Repeat only the lines below from the one that contains "2 Modes Display" through the final line, exactly. Omit pictures.

DATASET CONTENT =>
################
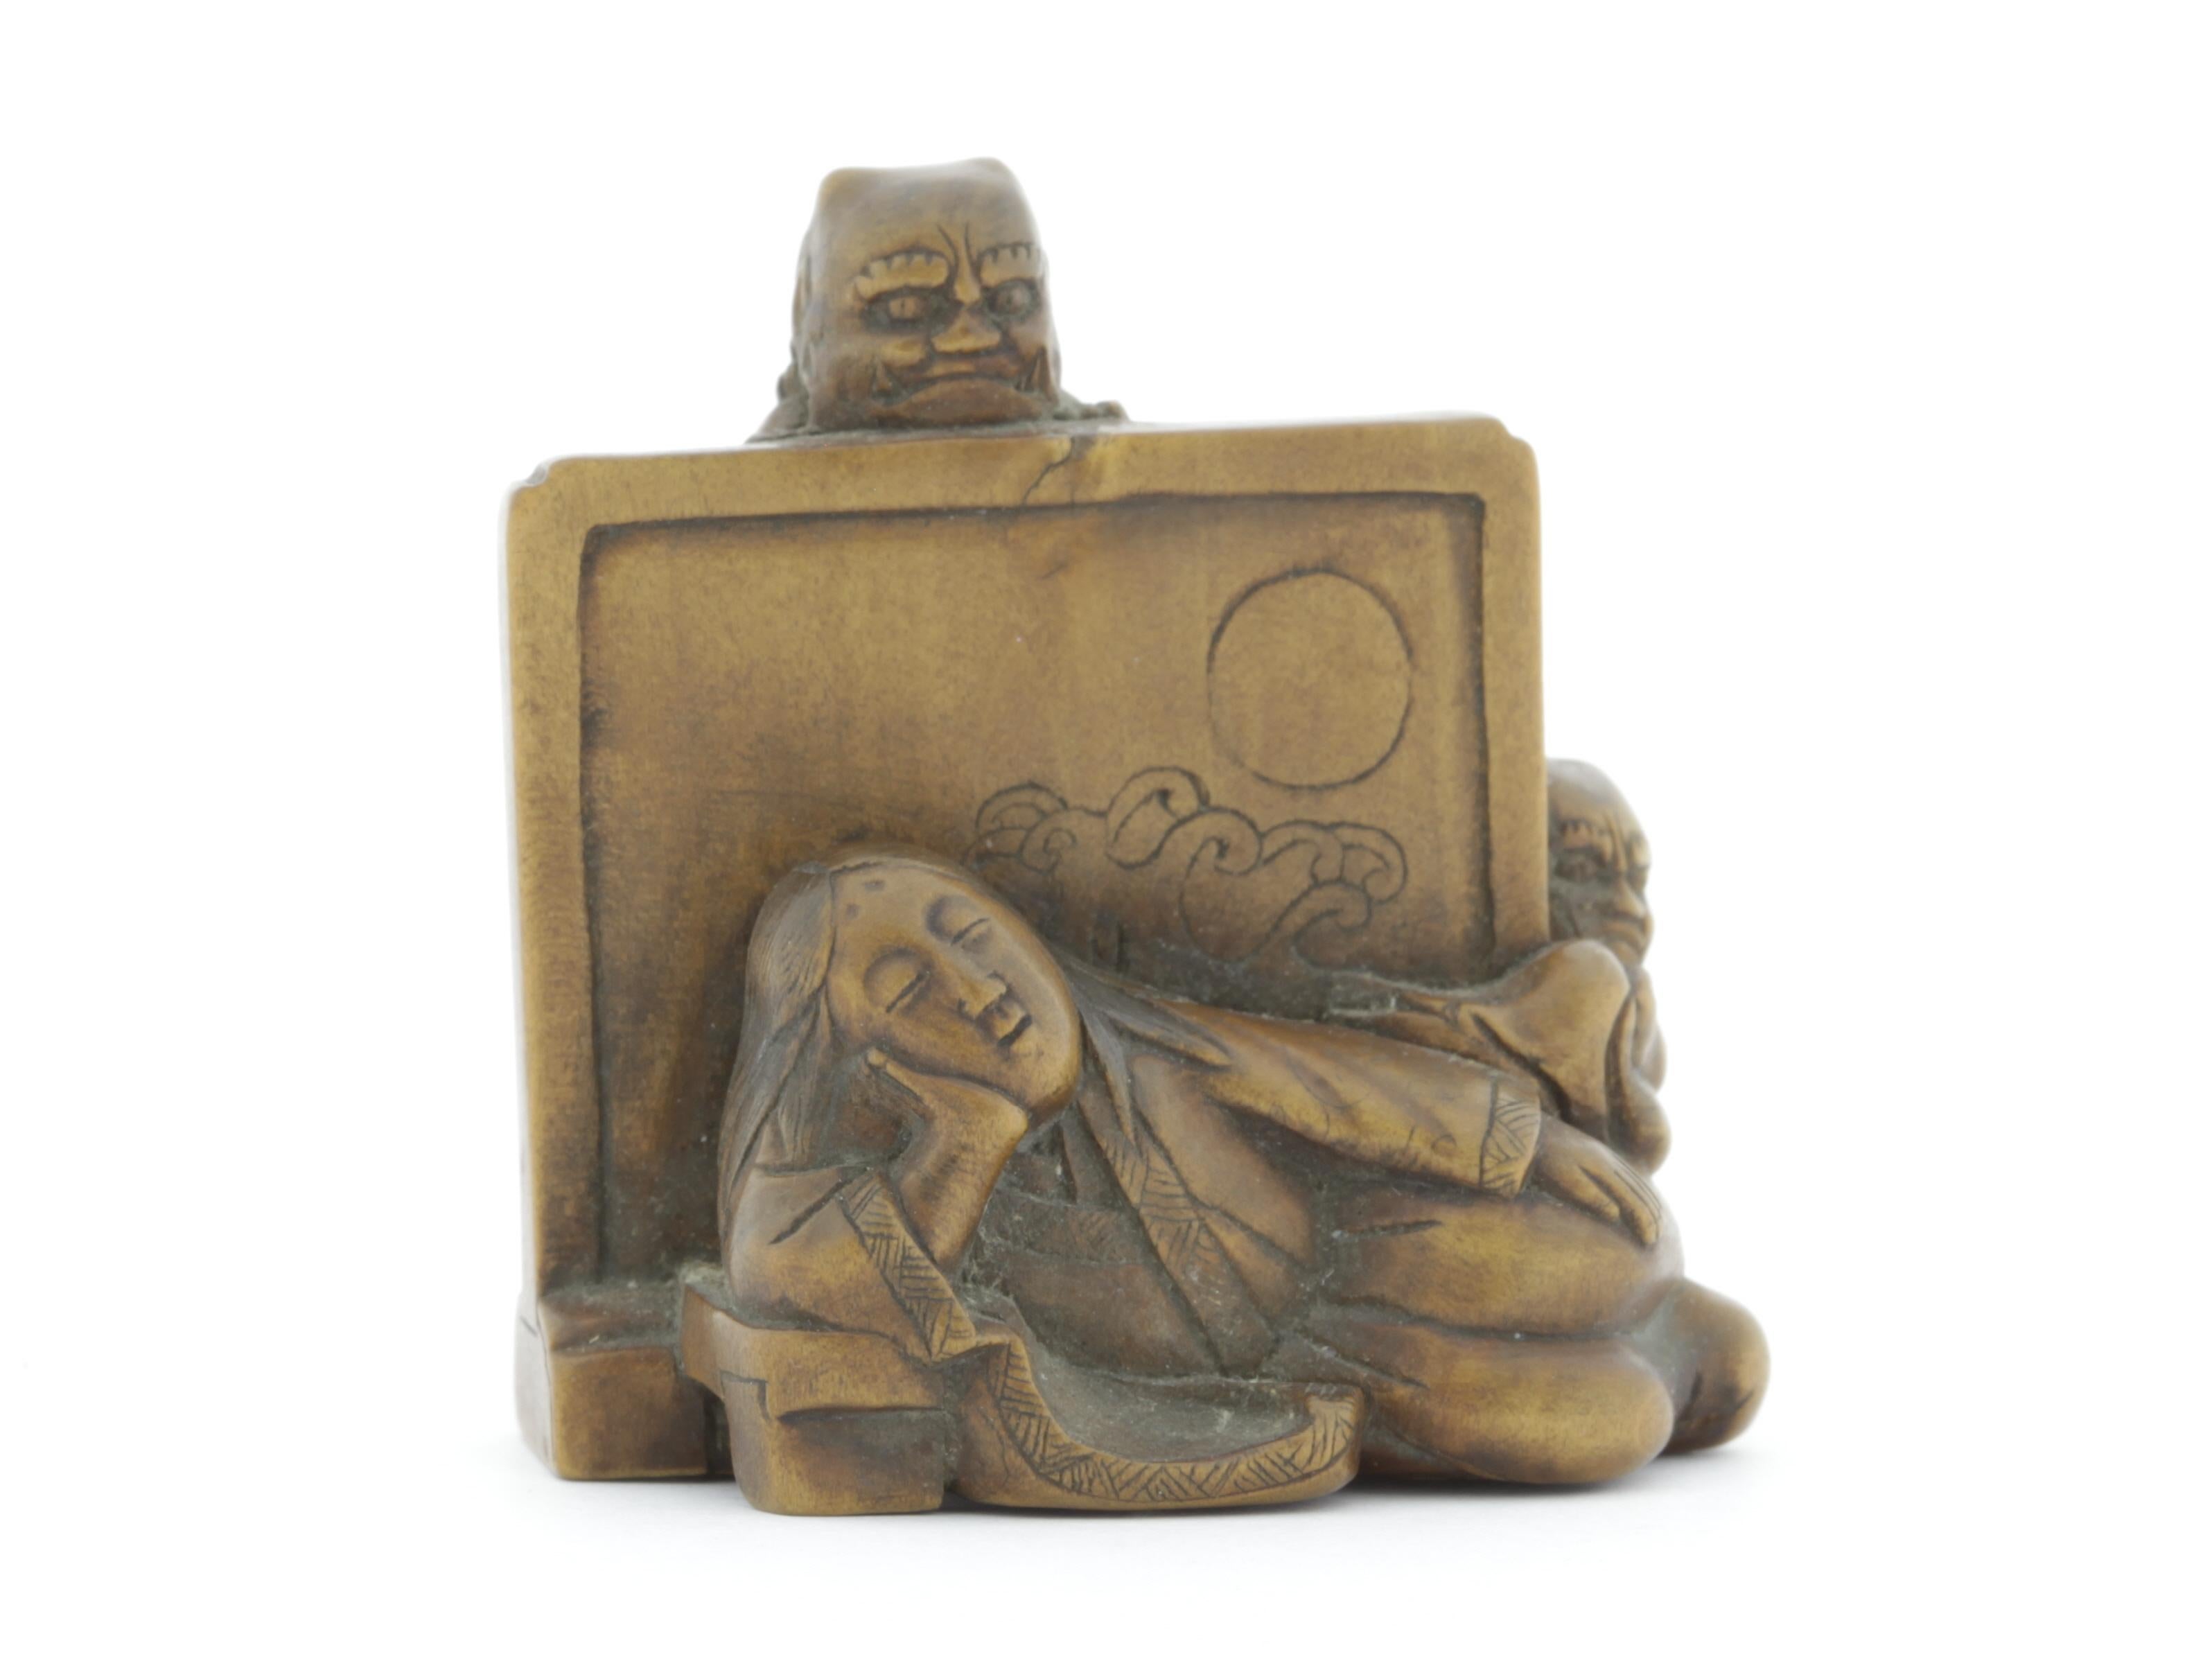 This netsuke is made entirely out of wood and depicts a sleeping lady being watched by two oni (demons). Her long hair is loose and her eyebrows are carved high above on her forehead, suggesting her noble background. The screen behind her shows a
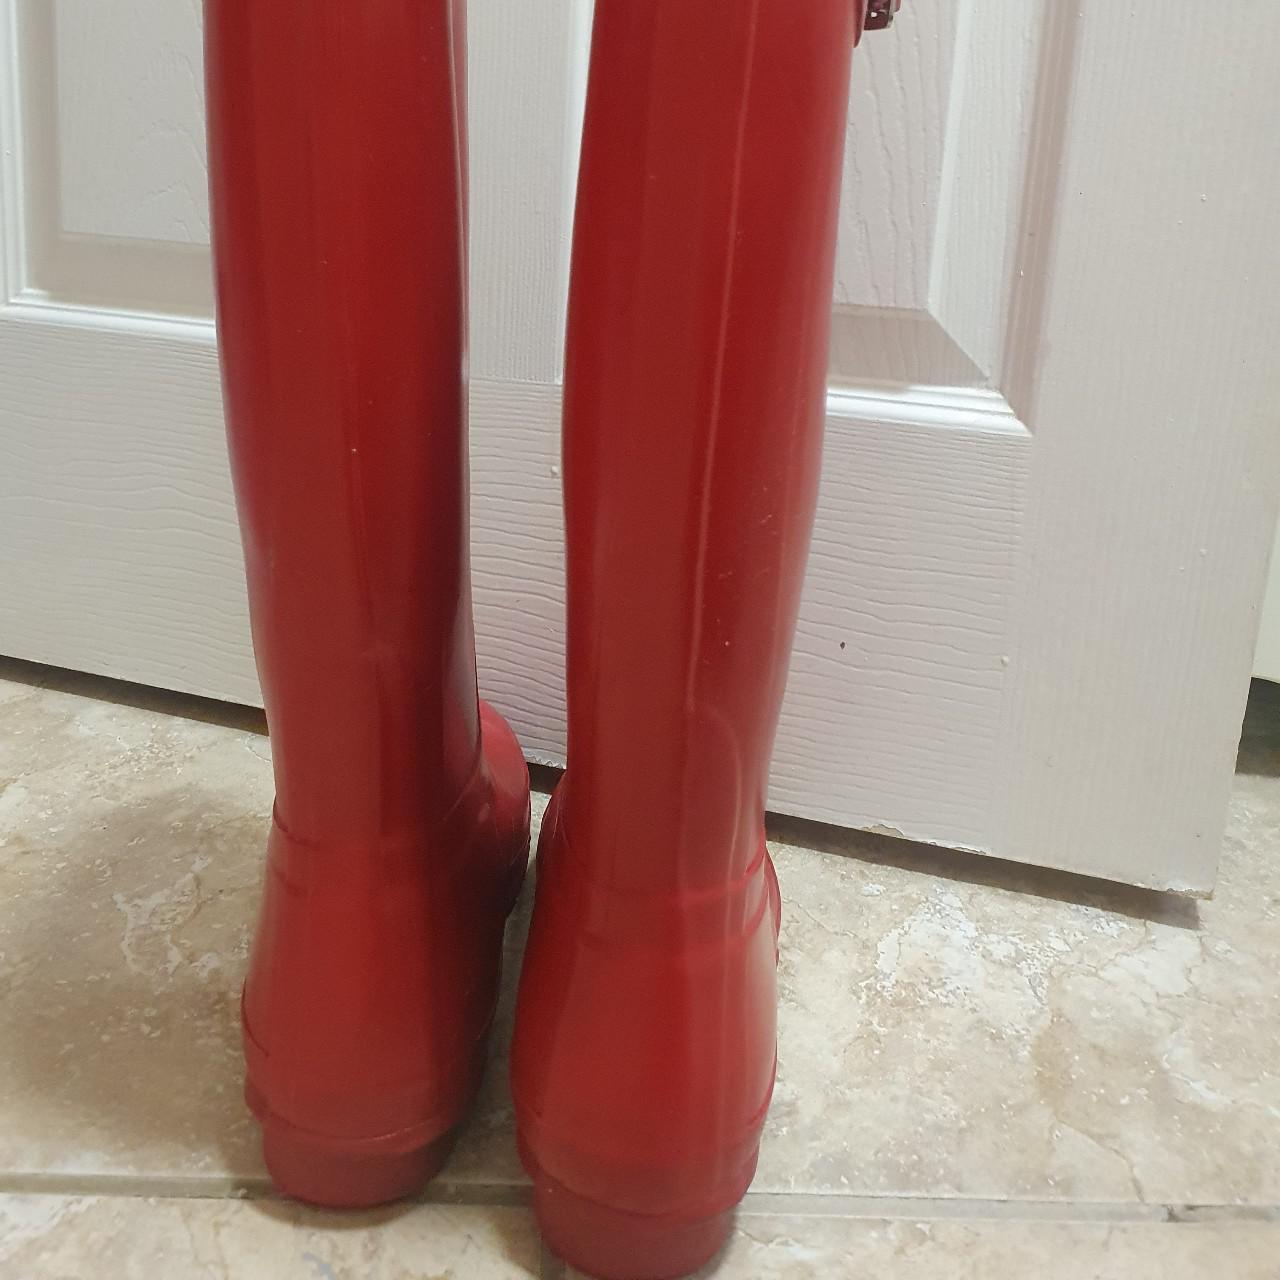 Tall red hunter wellies size uk 5. Has some wear as... - Depop
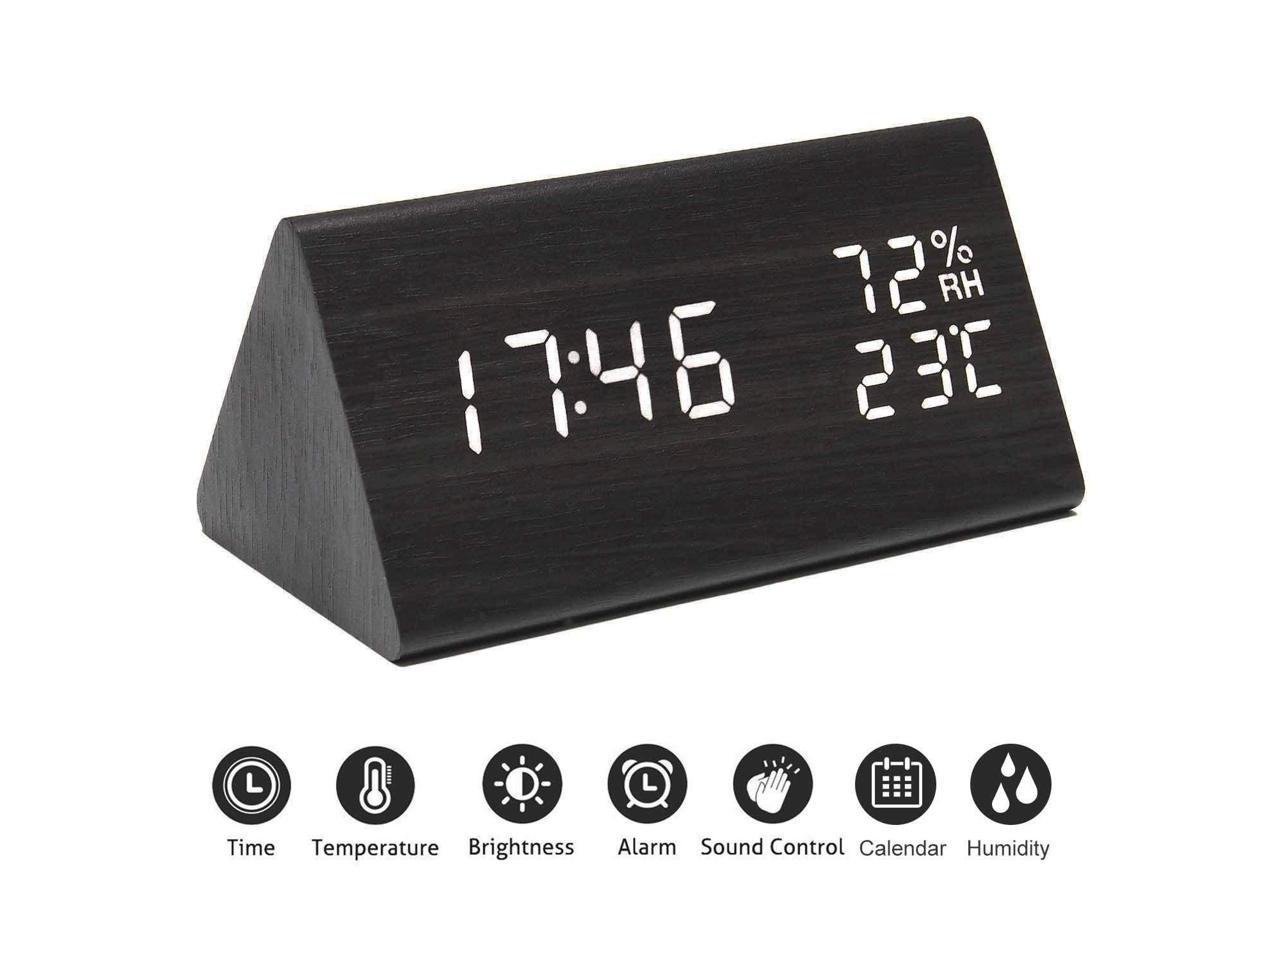 2 Modes Display Queta LED Digital Alarm Clock Wooden-like Small Table Clock with Date Temperature Display 3 Adjustable Brightness Voice Control bamboo
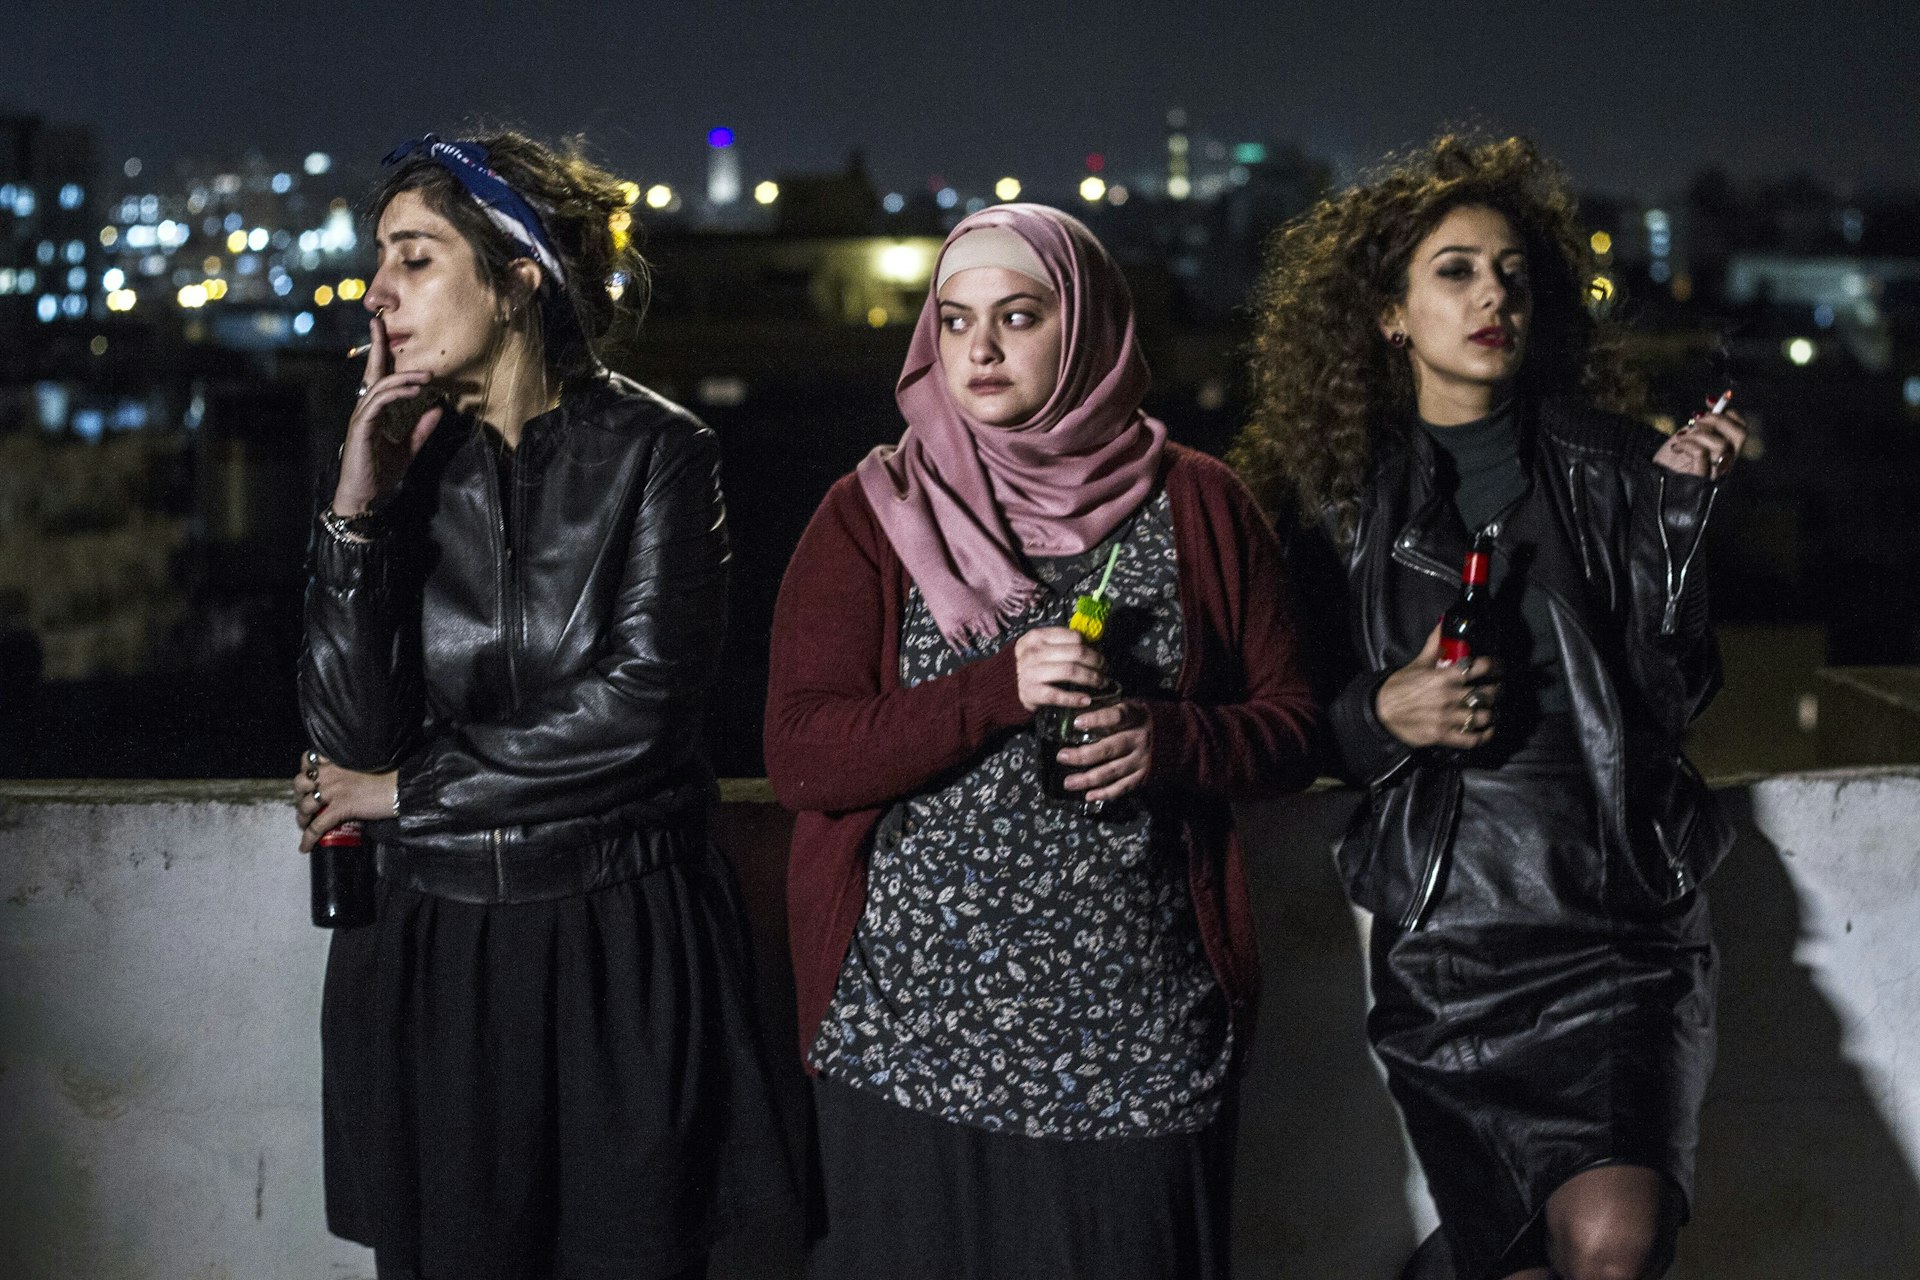 The Palestinian director who earned a fatwa for her first film
################
WRITTEN ANSWER =>
 2 Modes Display Queta LED Digital Alarm Clock Wooden-like Small Table Clock with Date Temperature Display 3 Adjustable Brightness Voice Control bamboo
 The Palestinian director who earned a fatwa for her first film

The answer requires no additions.